Dinner was a flop. We were able to discuss what didn't work and that feels like success. In part a mismatch of my really simple desire tonight, something that could be fixed with a better sauce, peanut sauce at that!
Floats are open!! Have been since June 20th, but I only just thought to check. I was even able to get one right after therapy tomorrow. I'm really looking forward to the float so much, my body really could use it!
Reclaiming
Today I raked off the patio and began trimming the first of our several Japanese Maples. There's still debris to bag up, especially since CK also began trimming some of our shrubs, but it already is a huge improvement.
This year I'm reclaiming the pond from the grass. I wish I could make all the grass go away for the most part, but especially the grass near the pond!
While we were outside doing all that I was getting texts from AF asking if we needed groceries and telling me that donuts were coming unless I replied back, "No!". Since I was raking and cutting things, I left me phone on the table, ignored. By the time I saw it, I only needed to open the front door and there were surprise donuts!
I realized that I heard very few explosions this evening, none for the past 45 minutes or more (it is just now midnight), and I'm really grateful.
Freedom
Some things my students named this morning when I asked them to share what freedom meant to them:
- Choices
- Love
- Inclusive/Including & Responsibility
- Movement
- Breathe
- Good sense to live a life of service to others
- Lightness, ease, & abundance
I then asked them to notice how related all these things are. Then we considered how each thing on the list is not a fixed point.
If we stop attending to our abundance we no longer have abundance.
In this way we began to unpack the wise words of Angela Davis, that freedom is a constant struggle.

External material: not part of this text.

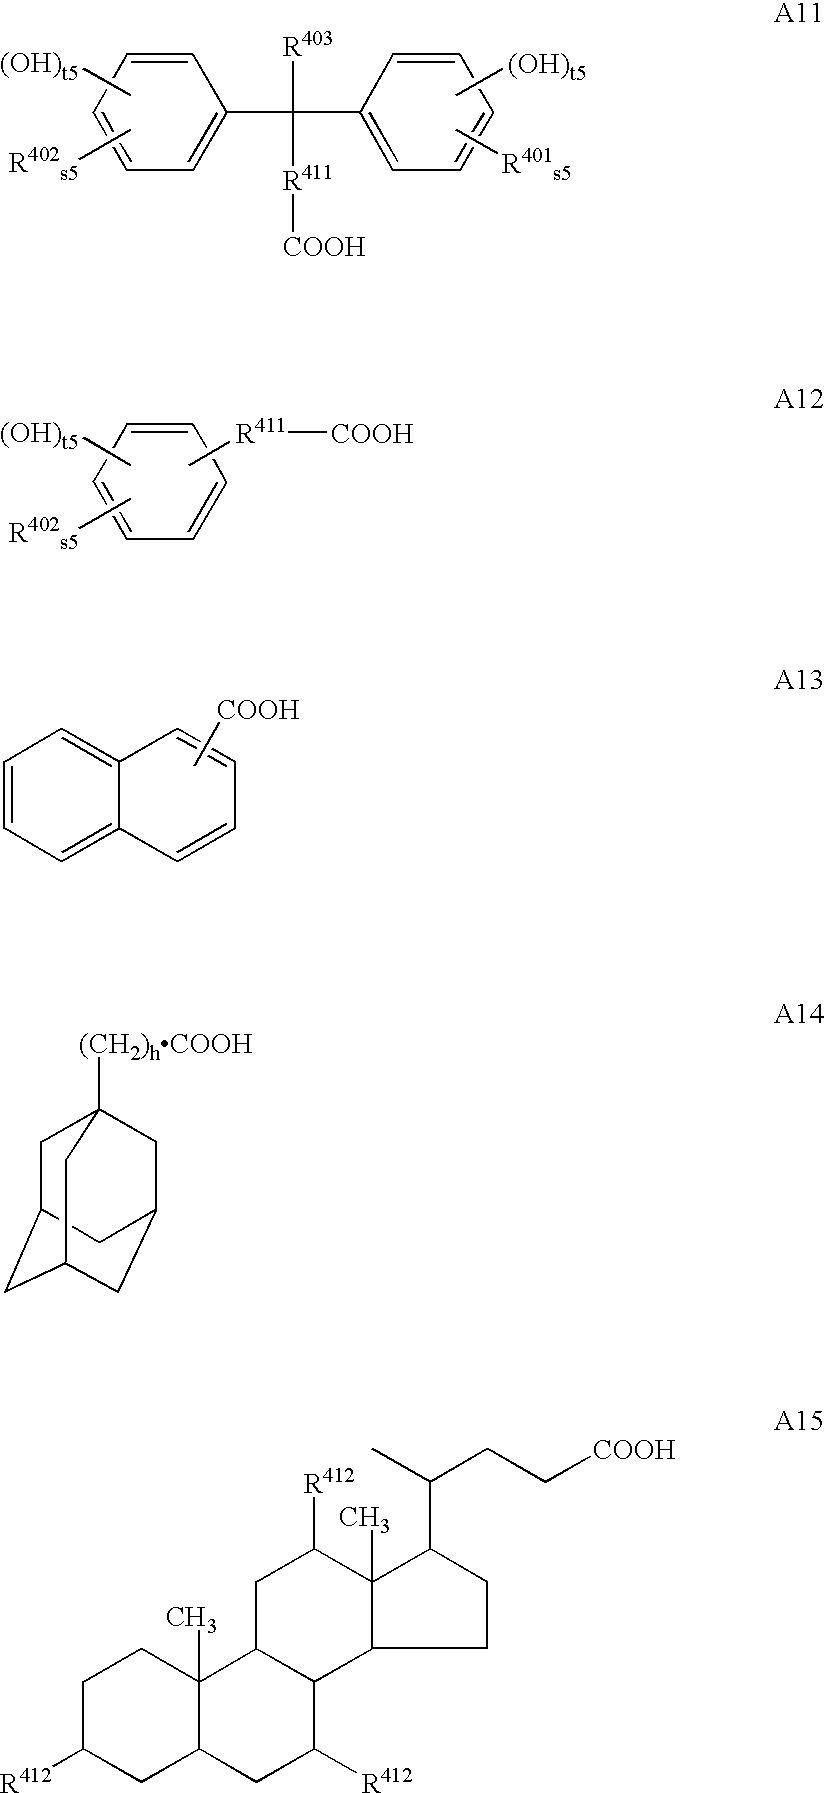 Figure US20030207201A1-20031106-C00054

I spent much of the rest of the day trying not to feel enraged at every shriek of group laughter from the neighbor's. It's 01:05 and I just heard another firework.
I loathe the Fourth of July with a passion this year especially.
Shopping is Exhausting
I went to WinCo for the first time since March today and I'll need to go back soon to pick up a special bulk order. It was busy, but masks are required now so it made it a little less stressful. No one was without one and people kept distance fairly well.
I was dismayed to see carts filled with party supplies. What is there to celebrate and why aren't people staying home!? That and the folks waiting until they last possible moment to put on mask and pulling it off right away.
I felt grumpy the rest of the day, still feeling that way.
Celebrate What
I had naively hoped there would be a ban on fireworks sales this year. We're still in a pandemic, it isn't getting better, and we should still be physically distancing. Cops are still killing Black people. Cops in Oregon are swearing about the Governor and defying her order to wear a mask indoors.
American individualism and exceptionalism is a failed model.
Society needs people to want to do things for the good of the collective, but we've got a country filled with selfish individuals.
Fireworks were being shot off in the neighborhood tonight. This year it is making me angrier than ever before.
What the fuck is there to celebrate in 2020?
What's worse. People aren't doing it to celebrate anything. They're doing it because they're bored and they find it find to maker loud explosions that upset all the animals and humans sensitive to sudden noise. It's just gross.